The wind power project that Mr. King is proposing will remove mountaintop vegetation and cut deep into the mountain bedrock, resulting in the destruction of the natural flow of the watershed that feeds our cabin.

I suggest that Mr. King treat the fragile mountain ecosystems in Maine with a little more reverence and realize his wind power project just isn't going to work in the Highland Mountains. He should also treat Maine folks and their properties with a little more respect. We all have a right to the use and enjoyment of our property.

Greg and Jenn Perkins
Holden

To the editor:

I thought Mainebiz was supposed to be a magazine that is interested in promoting economic development in our state, but the article on Gov. King's wind project runs contrary to the supposed goal.

The article misses the point that wind power is unreliable and very expensive when compared to hydro and natural gas alternatives. Turbines also frequently catch fire and spread flames to forests.

There is a solid reason why manufacturers associations in Massachusetts, Rhode Island, Oregon and elsewhere claim their industries will not be able to compete when they are required to buy electricity from wind power. And why do you suppose Gov. LePage, Maine's most pro-business governor in decades, is opposed to wind? It's the cost factor. He has looked into it. Wind does not come close to offering what alternatives offer. The only markets for wind power are those that have been imposed by politicians with their mandates.

Clyde MacDonald
Hampden

To the editor:

Angus King says he spent the weekend on Vinalhaven and didn't speak to a single person who had a problem with the wind turbines. He might have reached out to neighbors of the turbines who have been in a dismal year and a half battle consuming tens of thousands of after tax dollars to protect their peace and quiet and property values from the infernal noise these machines make.

King is a visible supporter, as principal of an industrial wind developer, of a technology that could prove to be one of the great boondoggles of our times. What he and others didn't count on in the early 00's, was the massive supply of cheap natural gas. It is hard to see how wind will compete with a domestic supply, the equivalent of two Saudi Arabia's.
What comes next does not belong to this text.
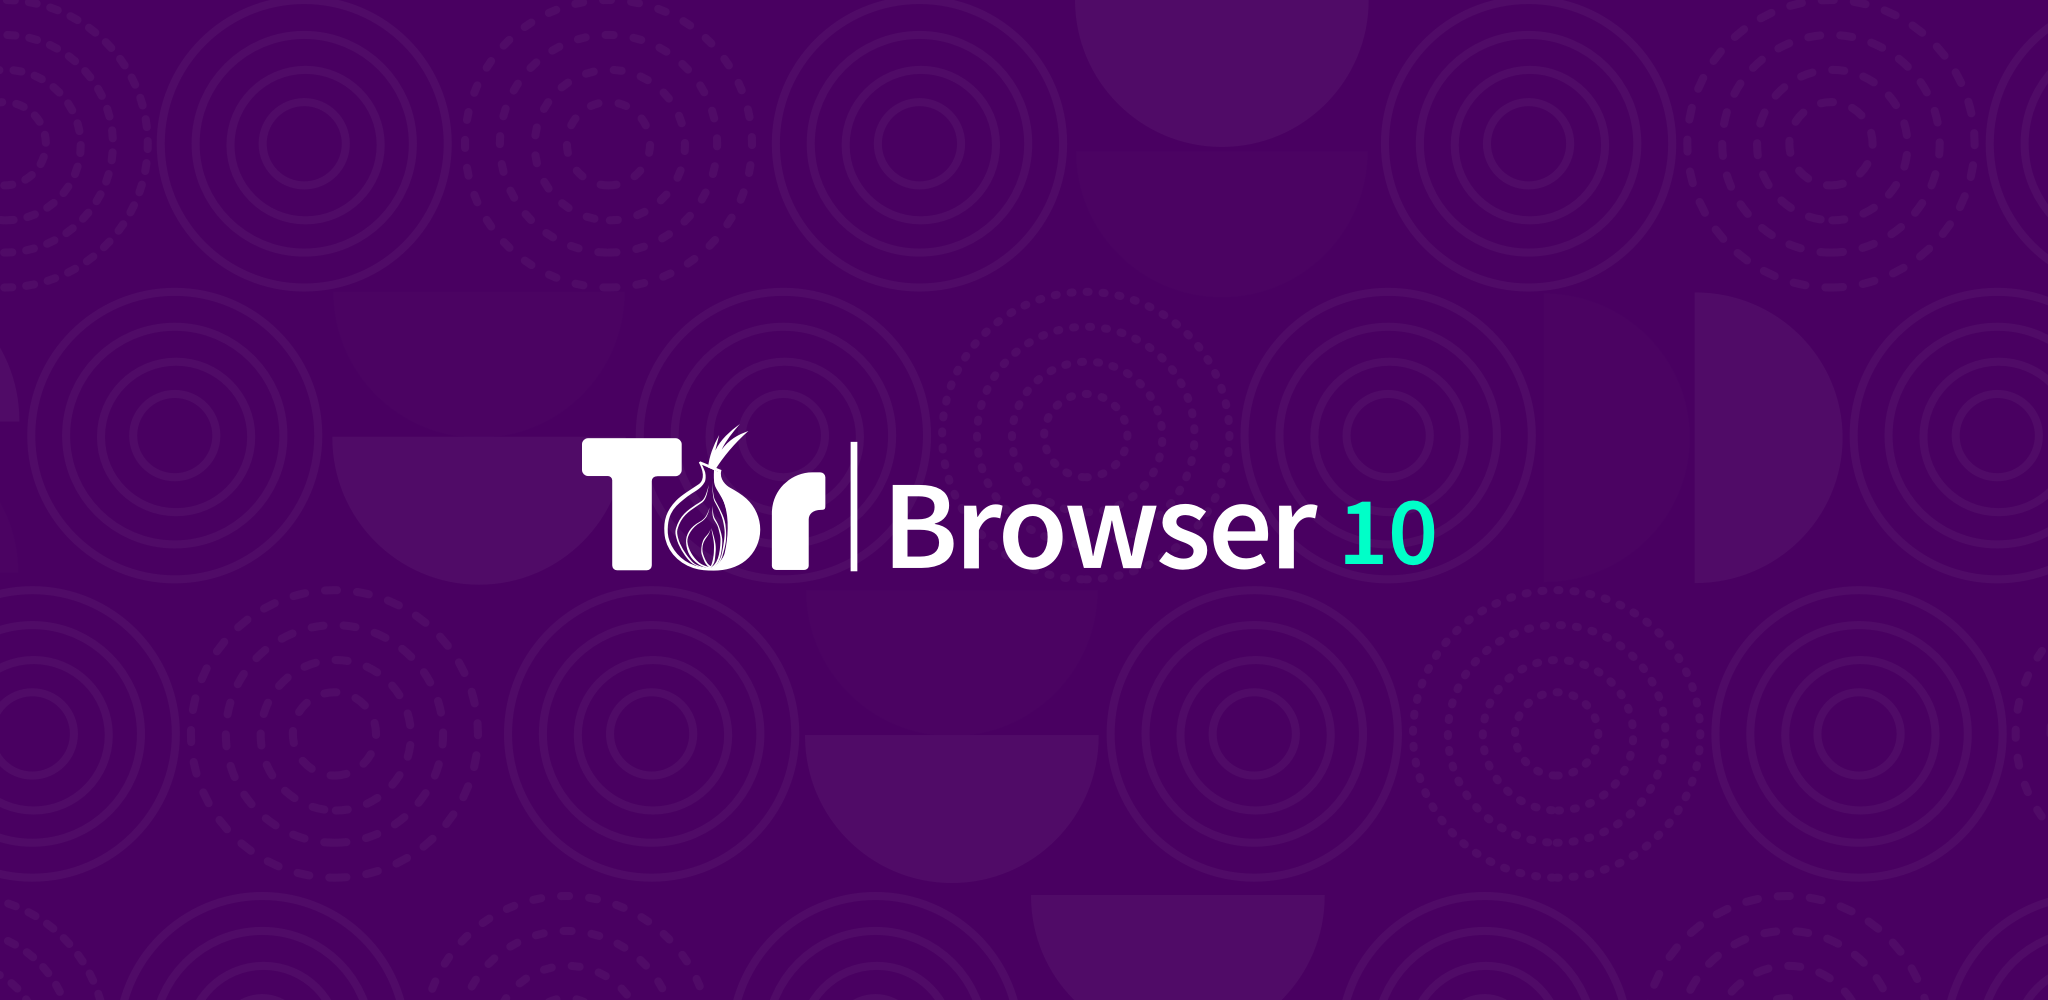 Tor im browser bundle windows mega tor browser скачать на русском языке mega

Intermittent wind turns out to be hugely expensive unless subsidized by government. That means us.

Of the many problems with wind your interview covered, it seems that people living close to turbines are the least of King's concerns. I would have loved the opportunity to talk to him on Vinalhaven last weekend, but I didn't see him. Nor did I see him at last week's hearing on wind noise regulations, held by the Bureau of Environmental Protection in Augusta where he might have listened to me.
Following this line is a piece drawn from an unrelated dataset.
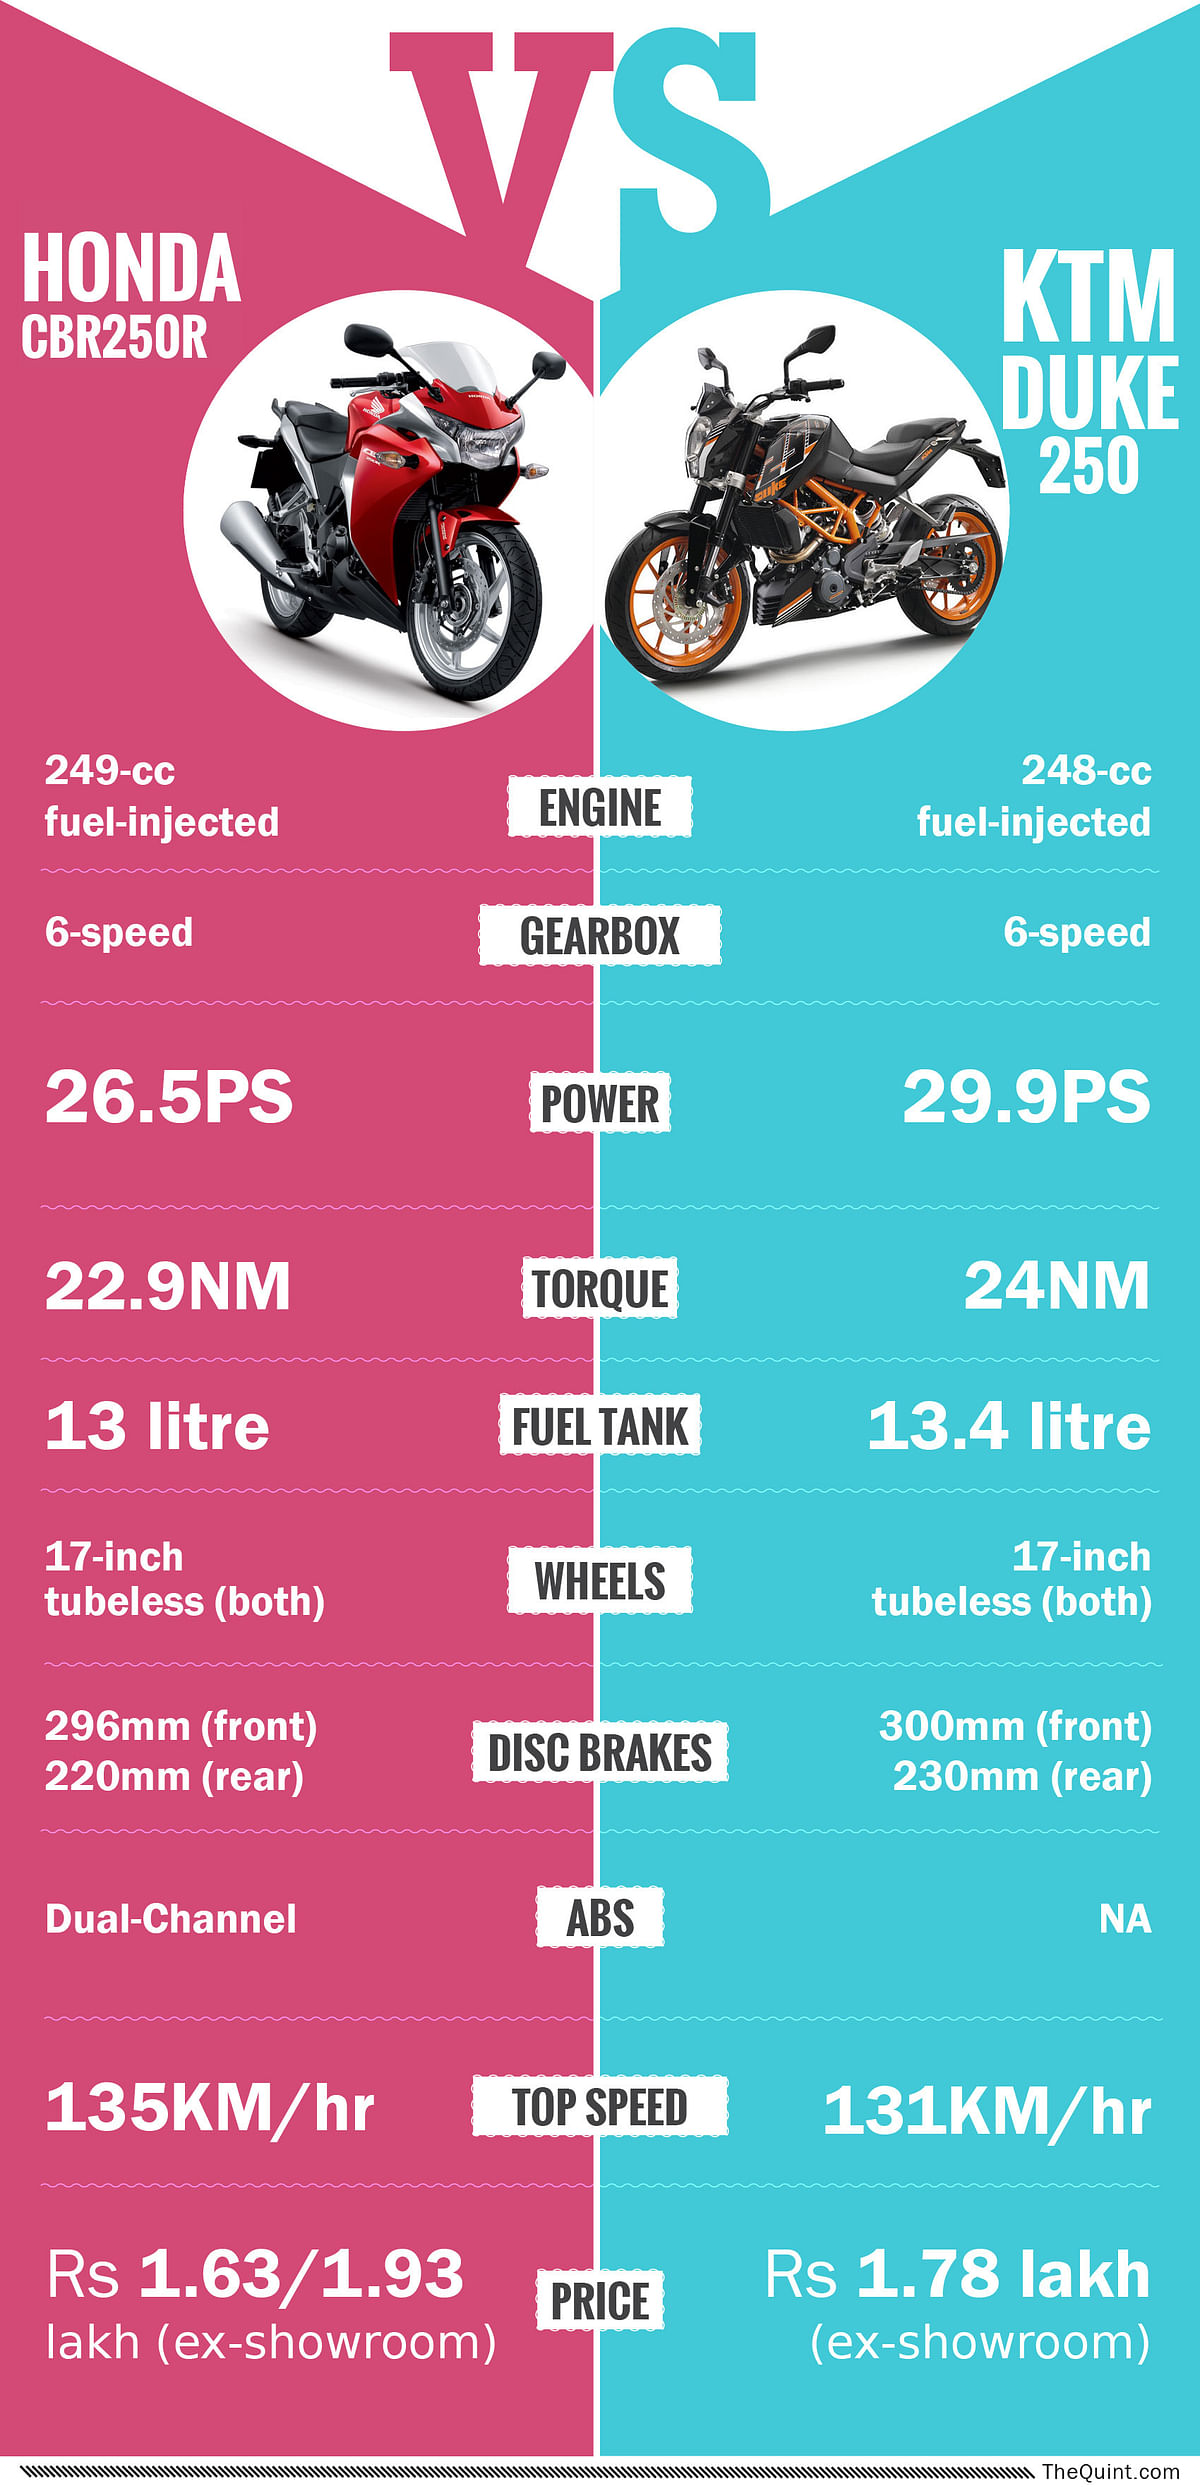 We compare the latest 250cc bikes – Honda CBR250R and the KTM Duke 250. 

I attended and spoke at the event, even though it is unlikely that new regulations to emerge to protect neighbors of wind turbine farms would apply to Vinalhaven. At my own cost, I took time to warn regulators that tough new regulations are needed so there are no more Vinalhavens in the state of Maine.

One neighbor of the wind turbine farm at Freedom, sobbing about the impacts of industrial wind to her nearby home and family, could scarcely make it through her testimony. Afterwards, she told me that she really, really didn't want to become emotional but that so much of what she values has been ruined by the turbines. Her children can't play in their backyard. On some nights, her house pulses with the same frequency as the noise of the nearby turbines.
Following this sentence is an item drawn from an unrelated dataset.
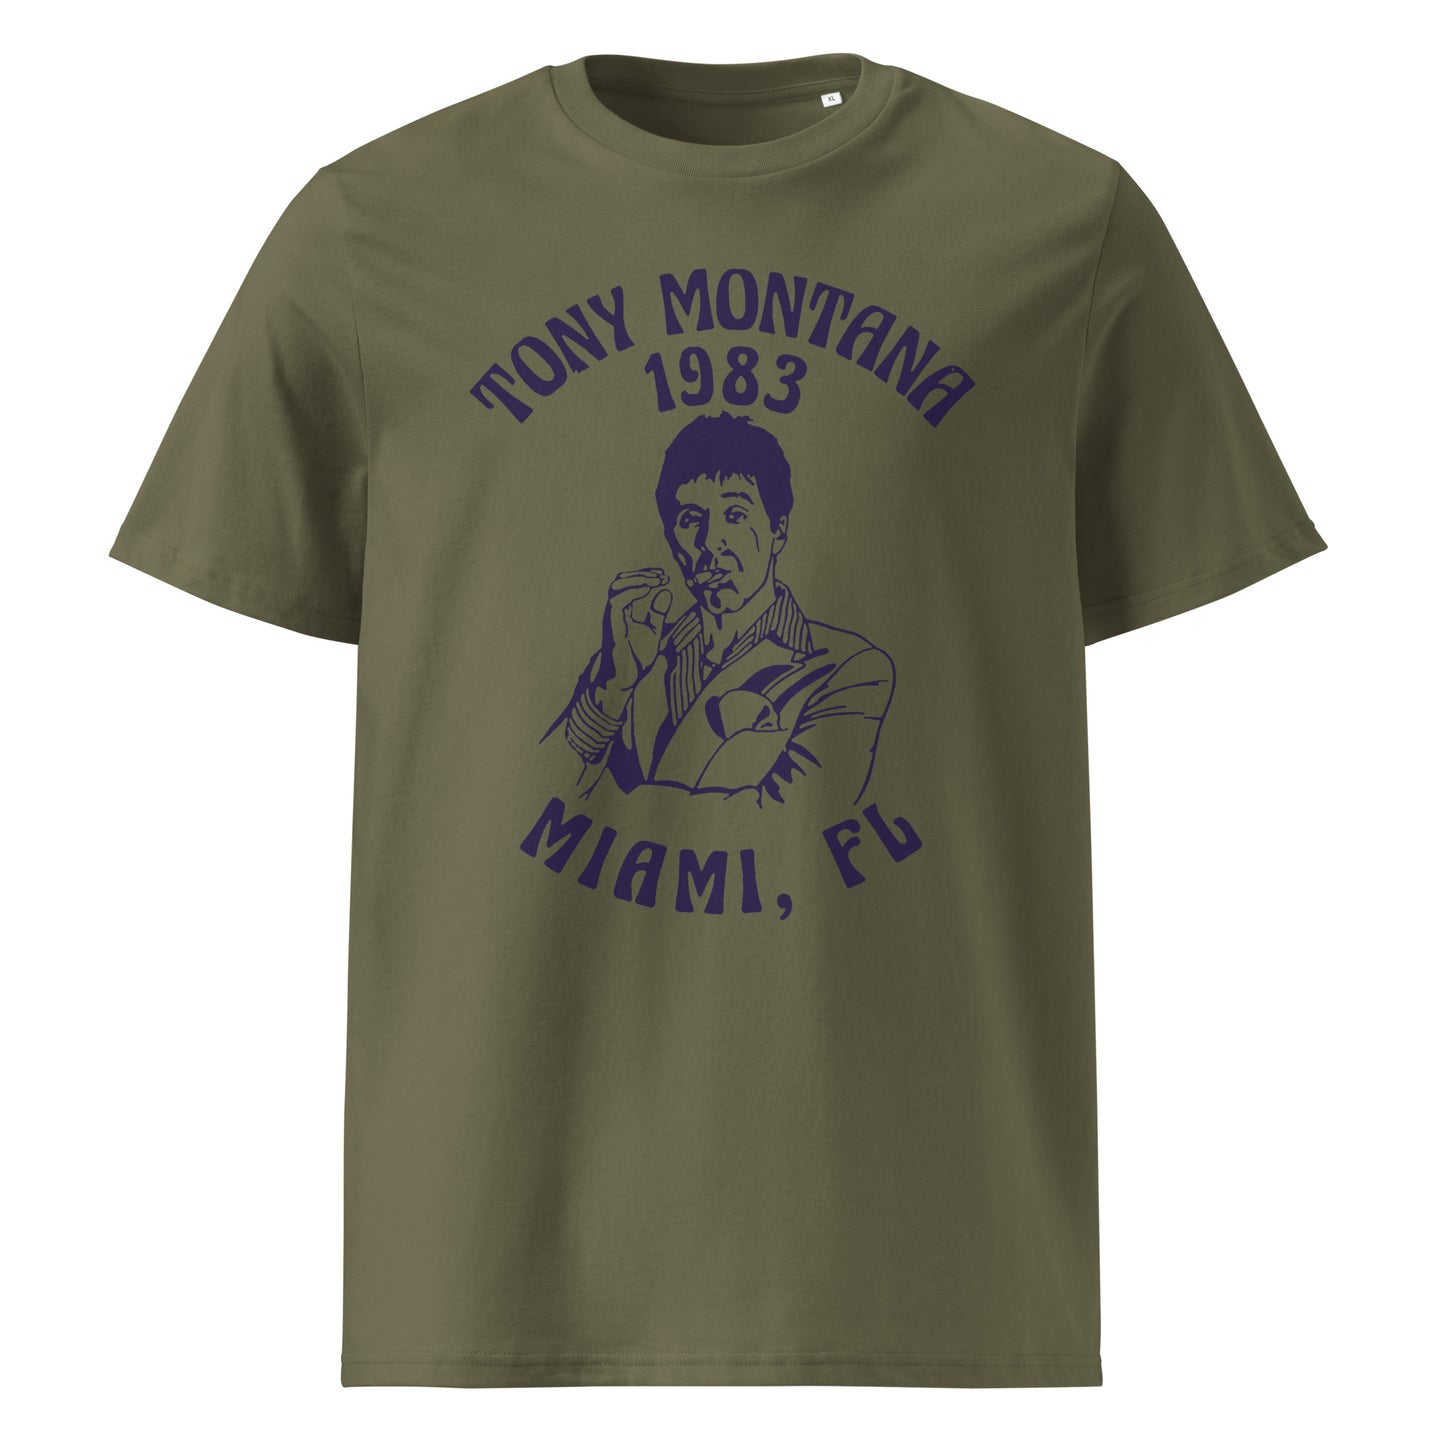 TONY MONTANA 1983 - Unisex organic cotton t-shirt

As a neighbor of the Vinalhaven wind turbine farm, it was disturbing for me to discover that wherever wind turbines have been sited too close to where people live, there are guinea pigs like me, thrown under the bus by Maine industrial wind developers. My home, about 3,000 feet from the nearest turbine, is too close. Parts of my property are much closer. We would want King Solomon to come and judge for himself, a wind turbine farm whose preliminary consultant report included details that should have been shared with neighbors but weren't. I don't have a direct line to King Solomon, to ask what kind of punishment would be just, but if former Gov. King wants to buy my property at a fair price pegged to its value before the wind turbines were constructed, I am all ears.